File metadata and controls

543 lines (448 loc) · 12.8 KB

🥑Case Study #3: Foodie Fi

Please view the detailed case study info here.

📚Table of Contents


Business Task

Danny wants to make all the future investment decisions and create new features using data.

Danny has provided an entity relationship diagram of his database as below:

image


Questions and Solutions

A. Customer Journey

Based on the 8 sample customers provided in the sample from the subscriptions table, write a brief description of each customer’s onboarding journey.

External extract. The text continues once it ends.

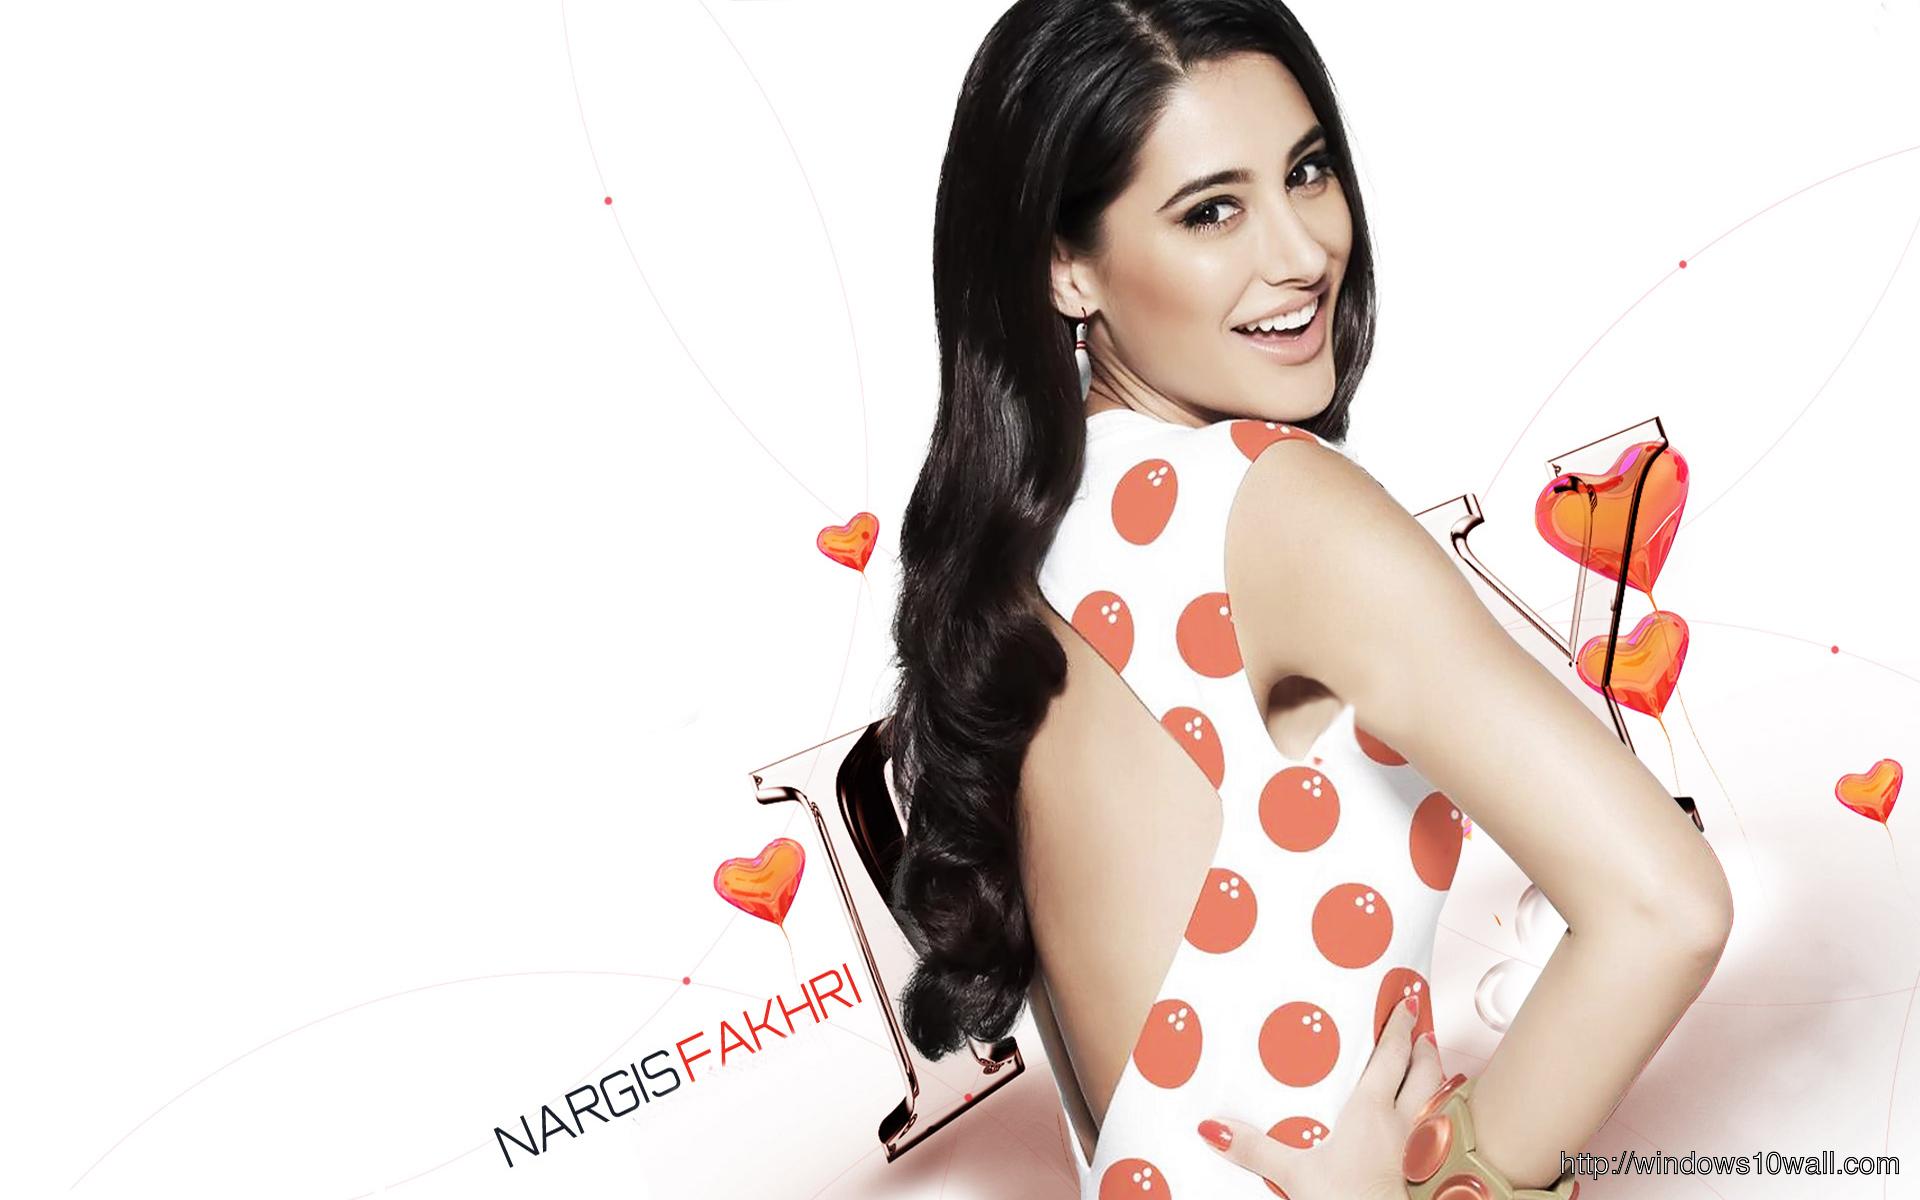 Celebrities Hd Wallpaper Download Nargis Fakhri Hd: Nargis Fakhri Cool HD Free Download Wallpaper
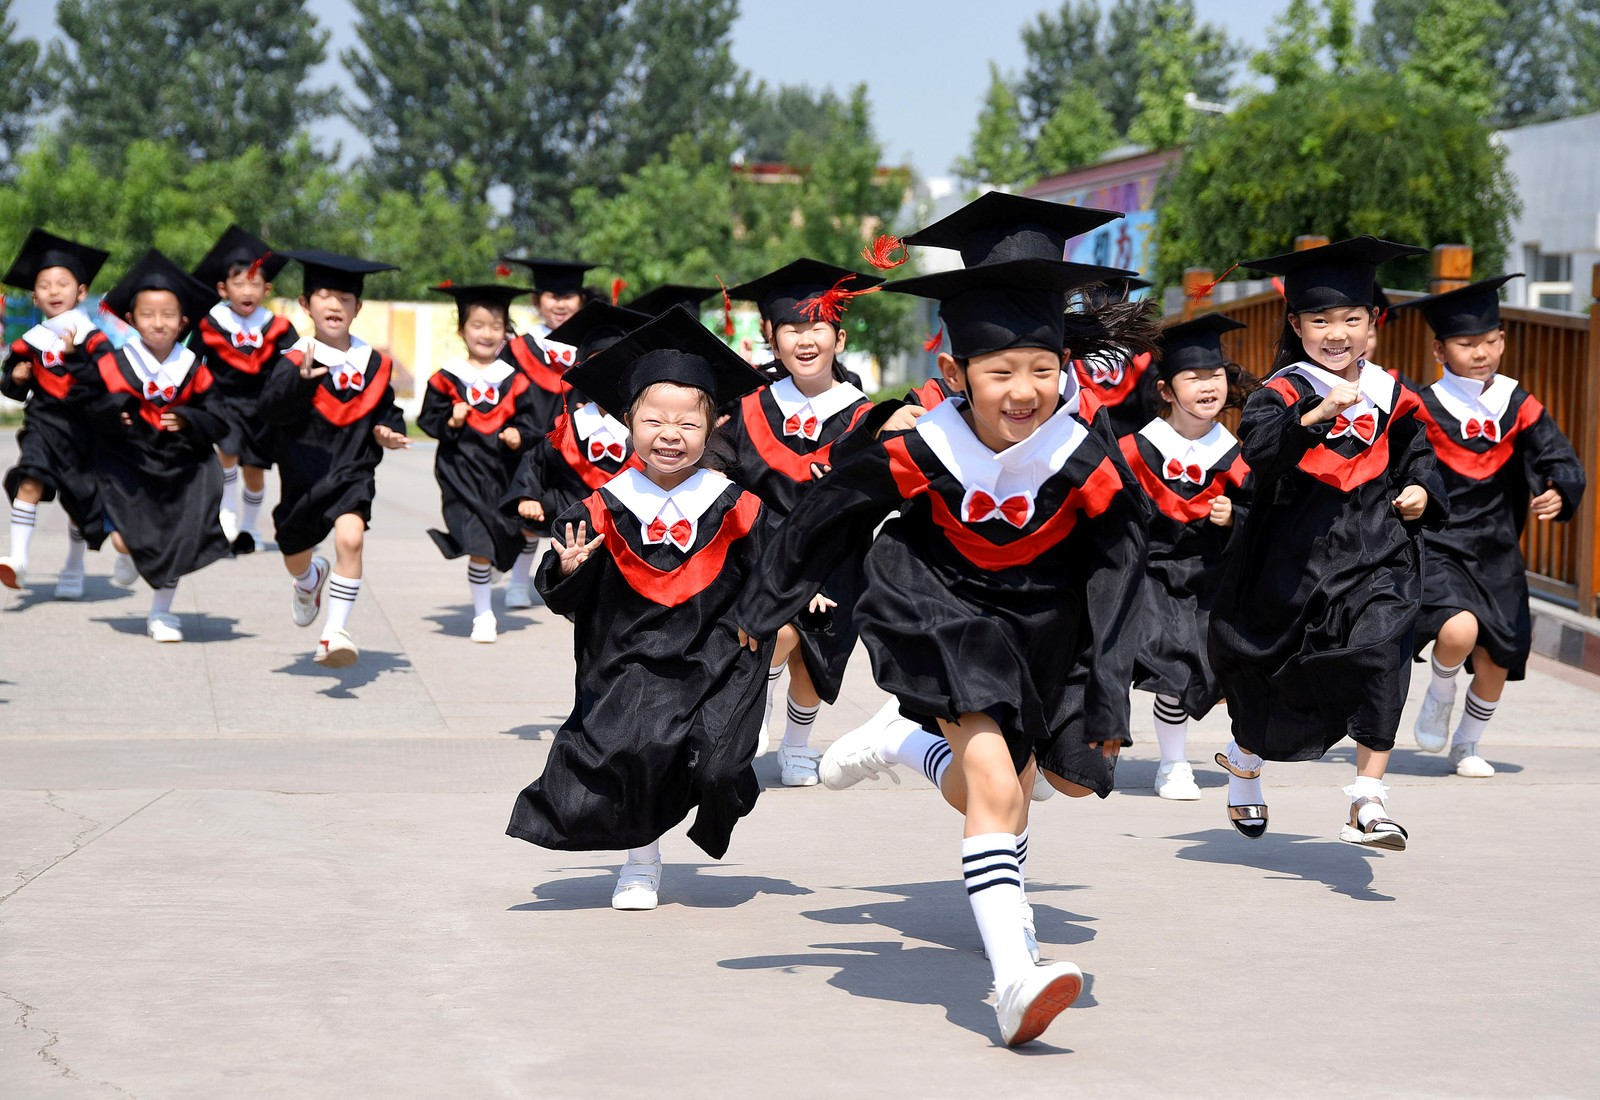 Endelig sommerferie. Disse barna har nettopp avsluttet en avgangsseremoni i Handan i Kina.

Table: subscriptions sample

image

SELECT 
    s.customer_id, s.start_date, p.plan_name
FROM
    subscriptions s
        JOIN
    plans p ON s.plan_id = p.plan_id
    WHERE customer_id in (1,2,11,13); 

Answer:

customer_id start_date plan_name
1 2020-08-01 trail
1 2020-08-08 basic monthly
2 2020-09-20 trial
2 2020-09-27 pro annual
11 2020-11-19 trial
11 2020-11-26 churn
13 2020-12-15 trial
13 2020-12-22 basic monthly
13 2021-03-29 pro monthly
  • All customers from the sample start by joining the 7-day free trial, and then, are changed to one of the paid subscription plans. Some customers might also cancel right after the free trial ends.
  • customer_id with 1, 2, 11, and 13 are selected as examples.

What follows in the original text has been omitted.